Difference Between Casual And Formal

Difference Between Casual And Formal

Update Time:2019/9/6

Difference Between Casual And Formal

Belts are a whole lot of fun to play around with — especially the kind you can deconstruct and reconstruct to suit different outfits and occasions.

What's more, pants with belt loops look naked without them.

Buckle up for a fast ride through everything you need to know about these classic masculine accessories.

What Is A Belt?

Let's start by defining what we're talking about .

#1) A belt is a cinching system that goes around the waist using tension to hold up a person's pants. A piece of string can be a belt!


#2) A belt can be for carrying things. Look at Batman and his utility belt, or a gentleman who decides to concealed carry.


#3) Most belts are purely decorative.


 Anatomy Of A Belt

The vast majority of belts have two parts: the buckle and the strap.

Many belts also have a keeper loop and/or an end tip (the end tip is usually metal, or leather on cloth belts). The end tip protects the end of the belt and can make it easier to buckle. After it's buckled, the keeper loop stops the free end flapping around.


In some belts, the strap and buckle are permanently joined together; in others they can be taken apart and switched out. The part of the buckle that joins it to the strap is called the chape.

Buckle Types


Seen on nearly all formal belts, and also on casual belts

Strap goes through frame

Prong goes through holes in the strap to fasten the belt


Usually detachable paired with snap belts (straps without buckles)

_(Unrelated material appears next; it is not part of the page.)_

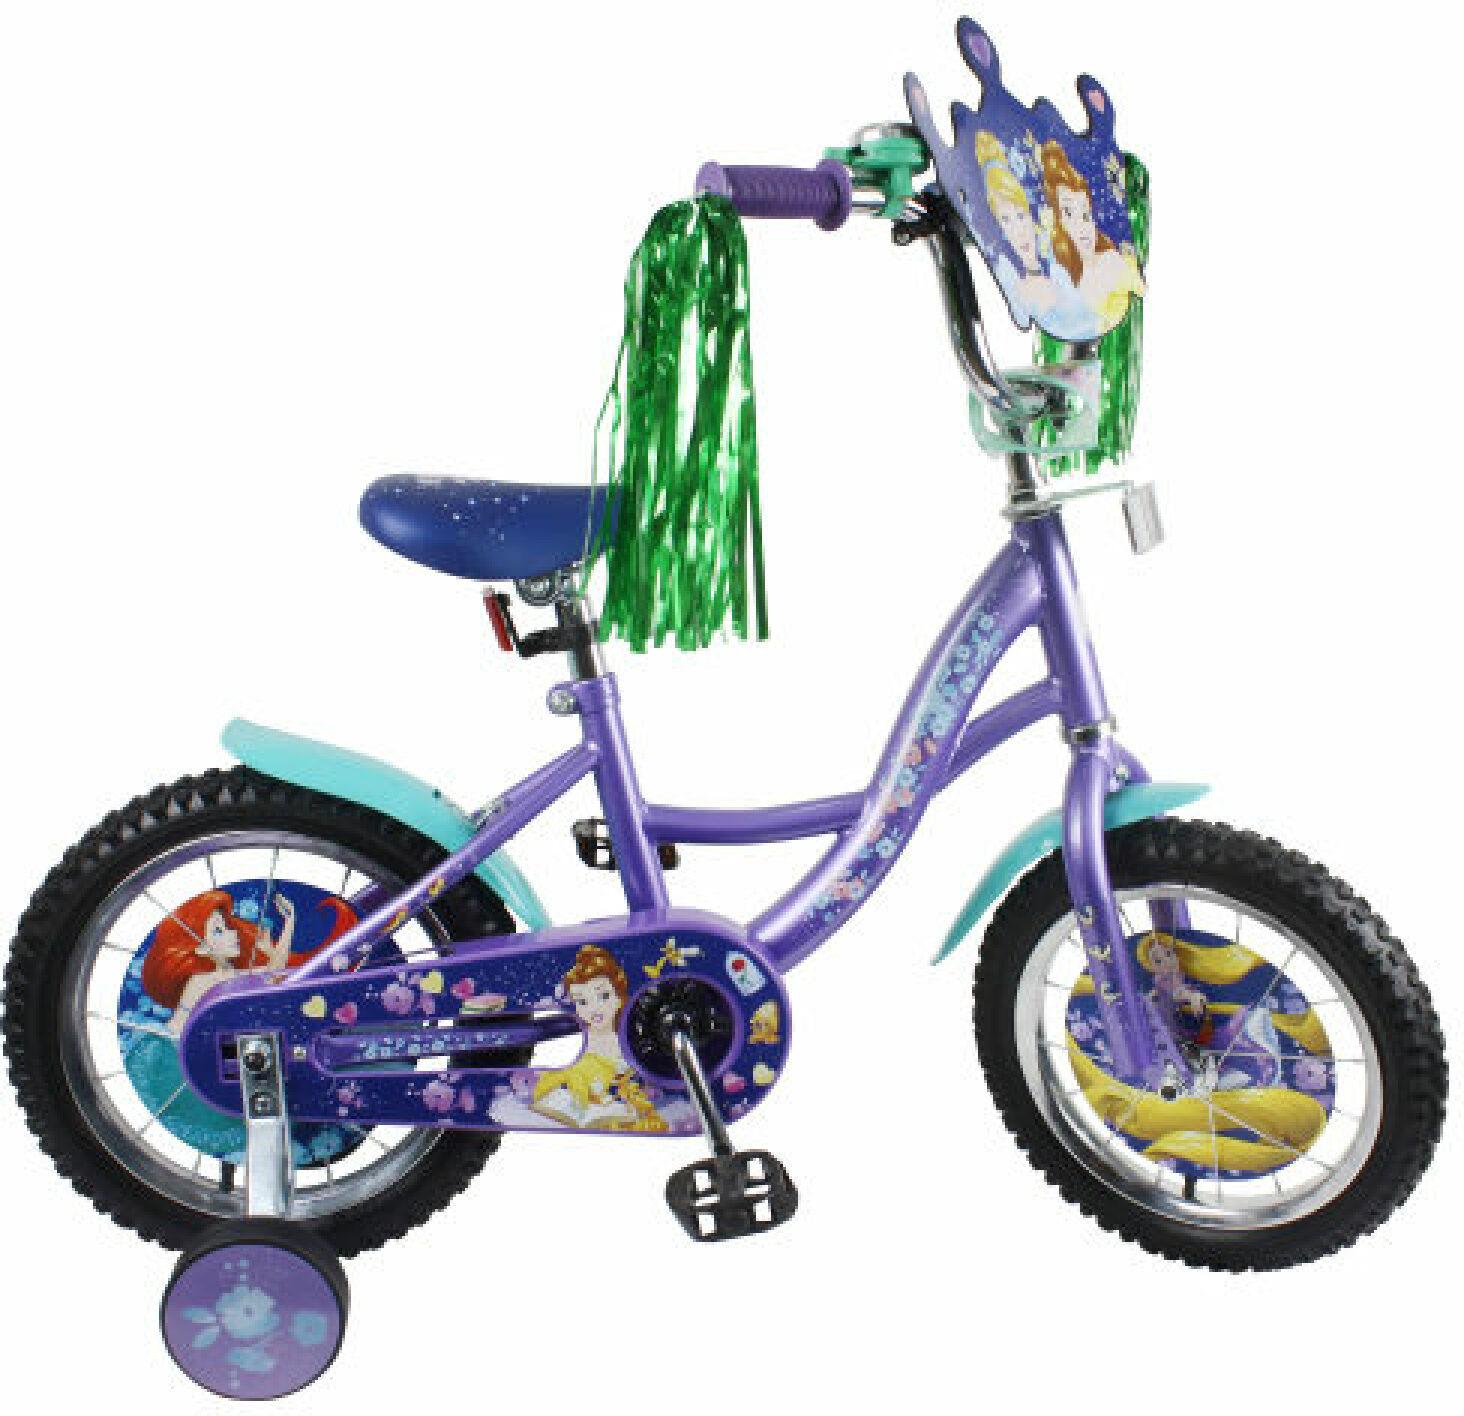 Велосипед детский Disney Принцессы, ВН14165, разноцветный, колесо 14

Plate is usually decorated – e.g. in cowboy and biker belts

Hook goes through the front of the strap

Throw (distance from chape to hook) adds to the length of your belt


Box is hollow, metal and open-ended

Post presses the strap against the inside of the box

No need for holes in the strap


Mostly found in women's fashion

A simple leather or synthetic frame the belt threads through

Not very durable – more for decoration


Uses a ratchet-style track system that requires a special type of strap

A folding piece of metal presses the teeth' of the track system into the strap

No need for belt holes – allows minute adjustments


One or two rings form the buckle

Belt is fastened by threading through them

Casual, used with braided, webbing and canvas belts

#7. SNAP

Male' and female' ends snap together like a seat belt

Very casual and functional, often found in outdoor pursuits gear

Not to be confused with snap belts

Strap Widths

#1. 1.25 inches

Formal belts

Belts for smaller guys (waist under 34)

Belts for skinny jeans and tapered trousers

#2. 1.5 inches

Formal to casual

Goes well with denim, chinos and heavier fabrics

#3. 1.75 inches

Rarer and definitely casual

Perfect with jeans and casual trousers

Suits statement buckles as well as classic buckles

How To Buy Quality

Don't succumb to the lure of cheap leather it cracks easily and makes you look shabby.


Indicators of good quality in belts include:

– Soft supple leather that doesn't crack — the best (and most expensive) belts are made from calfskin.

–  Leather can be marked slightly with a fingernail, meaning it's still soft and fresh.

– Good stitching — small, tight stitches with no loose ends.

–  Interchangeable snap buckles.


Brand names, in my opinion, are NOT worth paying more for when it comes to belts, because nobody's likely to notice where your belt came from! If you've got a little extra to spend, invest in quality instead.


 Belt Sizing Guide For Men

Your belt size should be 1-2 inches longer than the size of your pants waist. So if you take a 40 in pants, you want a 41-42 inch belt.


Alternatively, you can work out the size of your new belt from your old belt. Measure from where you always buckle it to the opposite end of the strap, and get the closest size to that.


When buying a plate buckle, remember the throw (distance from chape to hook) adds to the length of your belt.


If you love a belt that's the wrong size (or your size has changed since you bought the belt) DO NOT be tempted to gouge a hole in it with your pocket knife or kitchen scissors. It will be obvious, and the belt will end up breaking. Take it to your local cobbler to get a hole made properly.


Dress belts should only have a short tail end. You just want a few inches of leather to the left of the buckle when it's fastened, long enough to tuck through the first belt loop or the loop on the belt itself if it has one.


Casual belts can have a little bit more of a tail, although TOO long will still look awkward. Military-style canvas belts with brass buckles traditionally get their tails docked right down to the buckle.